Parsers are designed to recognise specific sequences of tokens, and if that sequence contains lots of whitespace or comments, or other syntactically and semantically insignificant tokens, then it makes recognising patterns much harder.

A filtering lexer will filter out whitespace, comments and other insignificant tokens, allowing the parser a "clean" sequence of tokens that make it easier to pattern match against.

Each language must implement a filtering lexer, and expose it by implementing the LanguageService.CreateFilteringLexer abstract method. This method is used in several places in the codebase, but typically, a language will use a filtering lexer when creating its own parser.

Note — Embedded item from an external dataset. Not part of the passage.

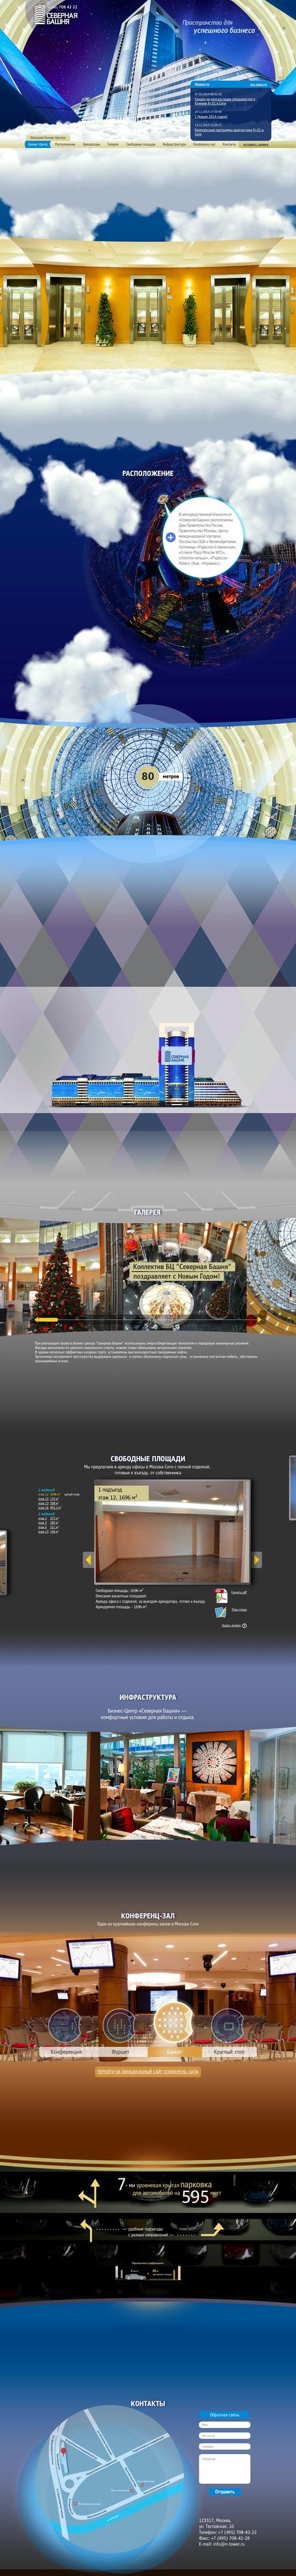 Сайт бизнес центра Северная Башня

Implementing a filtering lexer is very straightforward, simply derive from the FilteringLexer or FilteringLexerBase abstract base classes. The FilteringLexerBase class implements ILexer by delegating to an existing ILexer passed into the constructor:

public abstract class FilteringLexerBase : ILexer
{
  protected FilteringLexerBase(ILexer lexer)
  {
    // ...
  }

  // ILexer.Advance
  public virtual void Advance()
  {
    myInterruptChecker.CheckForInterrupt();
    myLexer.Advance();
    SkipFilteredTokens();
  }

  // ILexer.Start
  public virtual void Start()
  {
    myLexer.Start();
    SkipFilteredTokens();
  }

  // ILexer implementation snipped...

  protected abstract void SkipFilteredTokens();
  protected abstract book Skip(TokenNodeType tokenType);
}

It also requires an abstract method SkipFilteredTokens to be implemented. This method is called to move the underlying lexer forward, passed any tokens that should be filtered out and skipped. The Skip abstract method is intended to be a companion to the implementation of SkipFilteredTokens, and will return true if a given TokenNodeType is to be skipped.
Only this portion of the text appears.